** Task statement **
Look below for the line with "Gesetzblatt (GBl.) der"; begin the copy there and stop after the line with "Niedlichesalbeigrüne Durchsichtige Kurvenförmige", keeping the text exact and the pictures out.

** Available data **
= Beginning of Section =
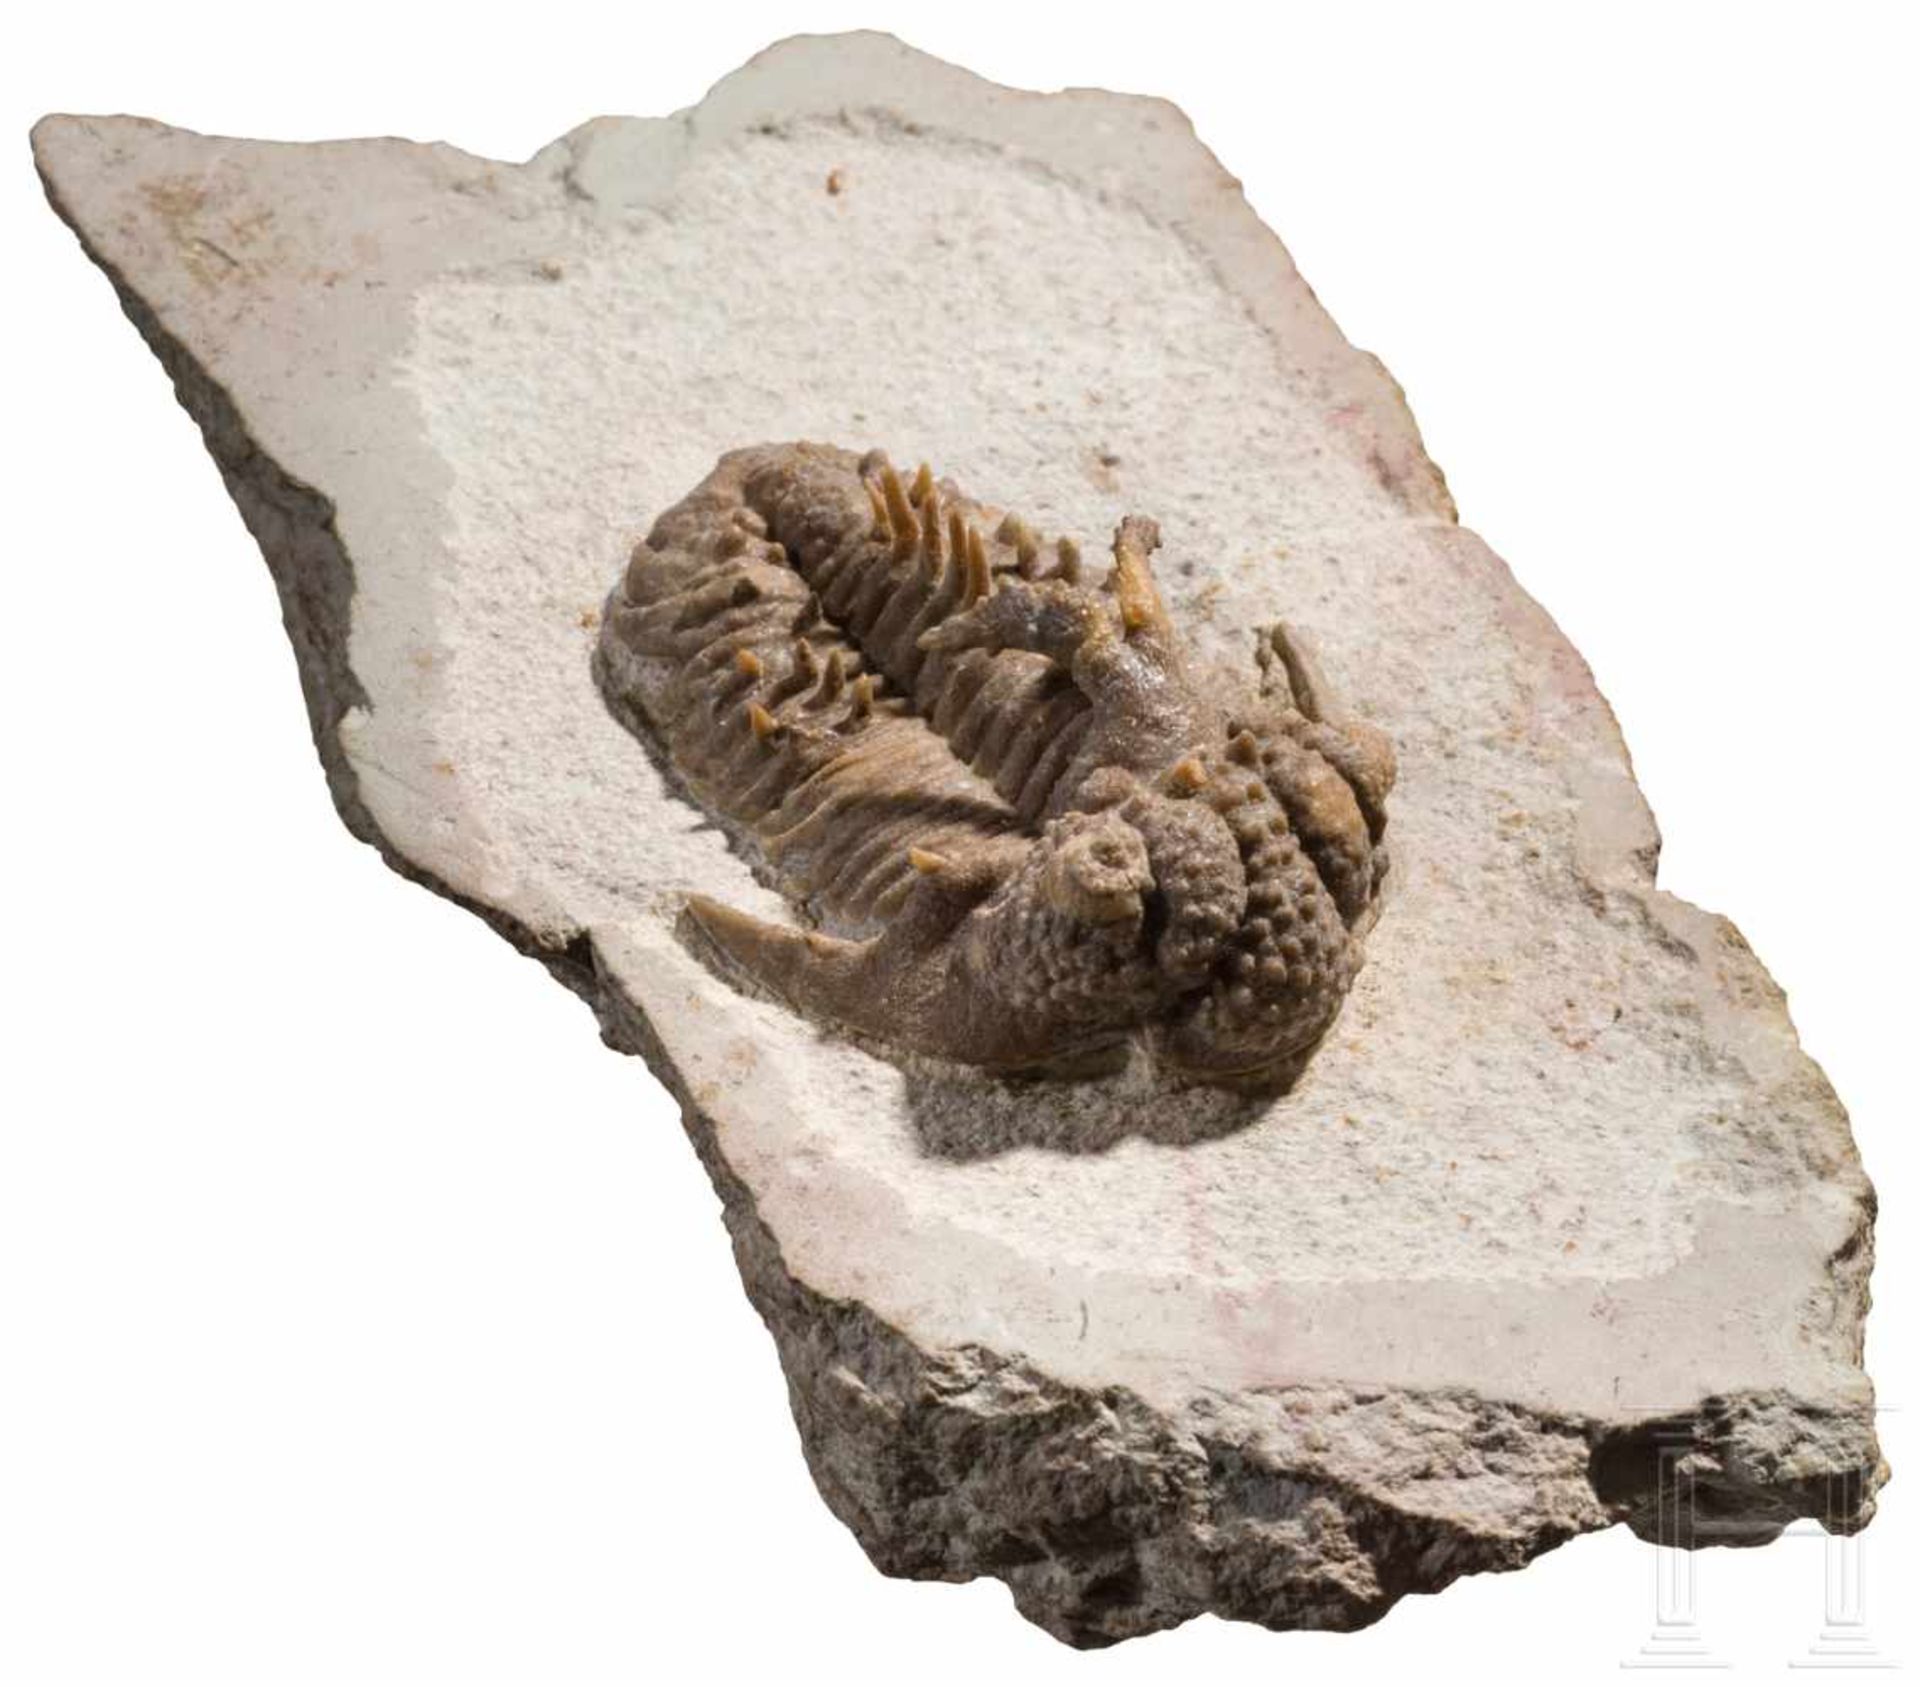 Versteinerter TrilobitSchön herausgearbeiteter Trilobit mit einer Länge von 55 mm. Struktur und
= End of Section =
= Beginning of Section =
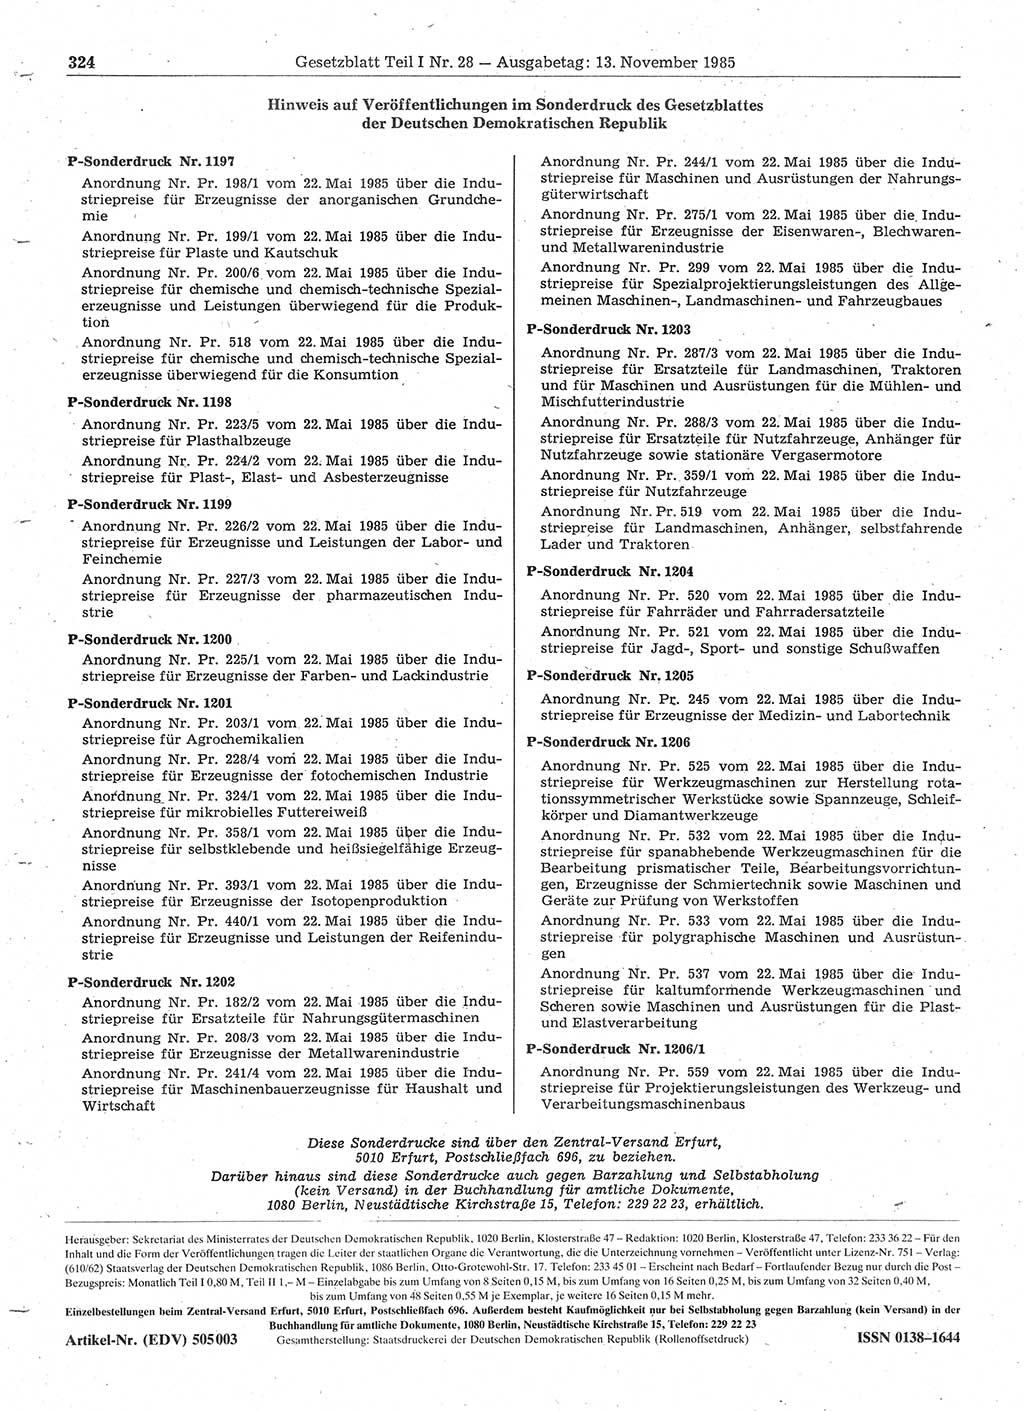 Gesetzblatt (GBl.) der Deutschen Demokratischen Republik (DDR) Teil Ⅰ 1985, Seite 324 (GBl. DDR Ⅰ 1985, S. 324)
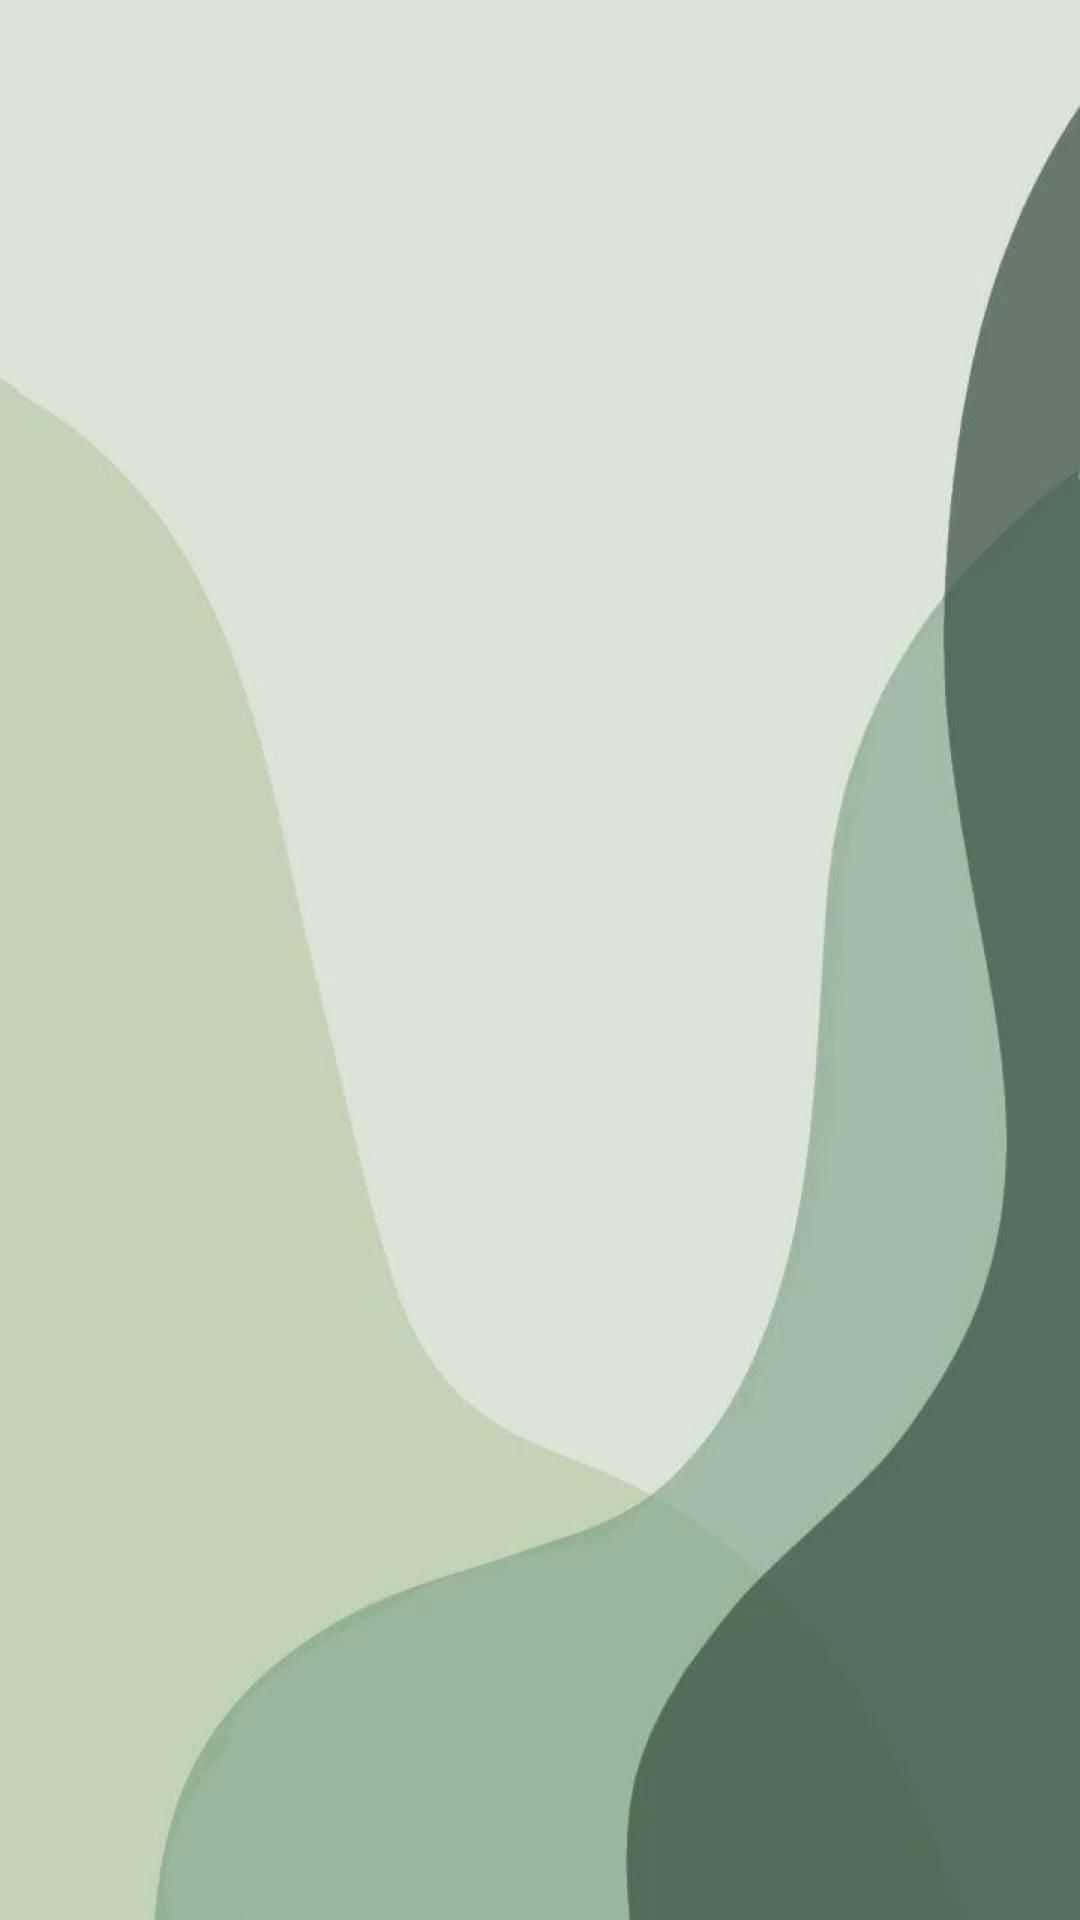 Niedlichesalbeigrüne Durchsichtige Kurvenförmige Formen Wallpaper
= End of Section =
= Beginning of Section =
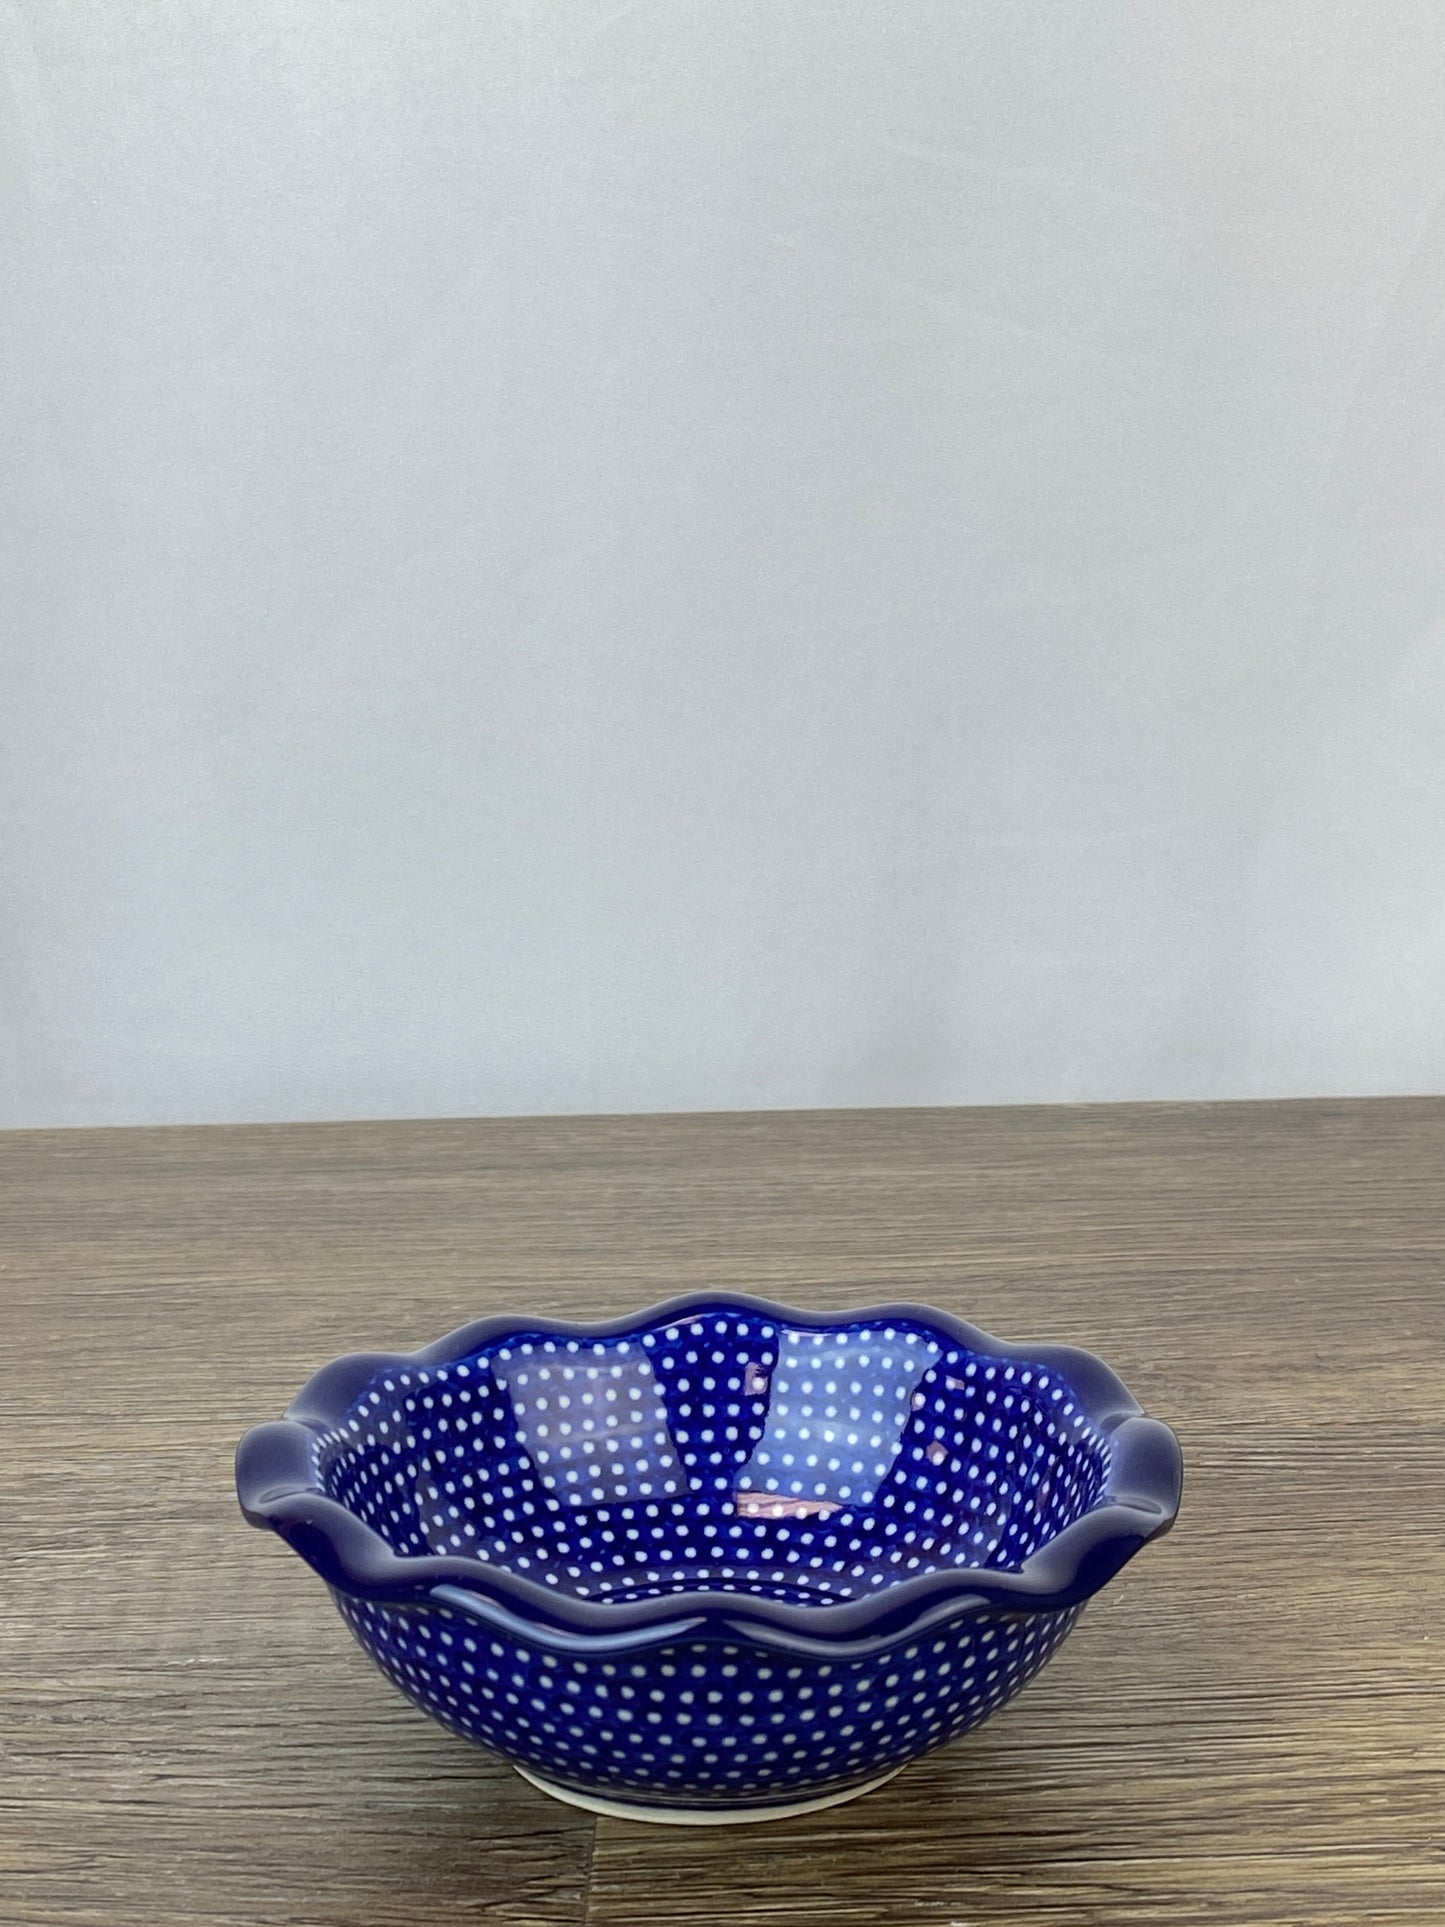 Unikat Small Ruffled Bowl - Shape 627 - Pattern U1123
= End of Section =
** Answer box **
 Gesetzblatt (GBl.) der Deutschen Demokratischen Republik (DDR) Teil Ⅰ 1985, Seite 324 (GBl. DDR Ⅰ 1985, S. 324)
 Niedlichesalbeigrüne Durchsichtige Kurvenförmige Formen Wallpaper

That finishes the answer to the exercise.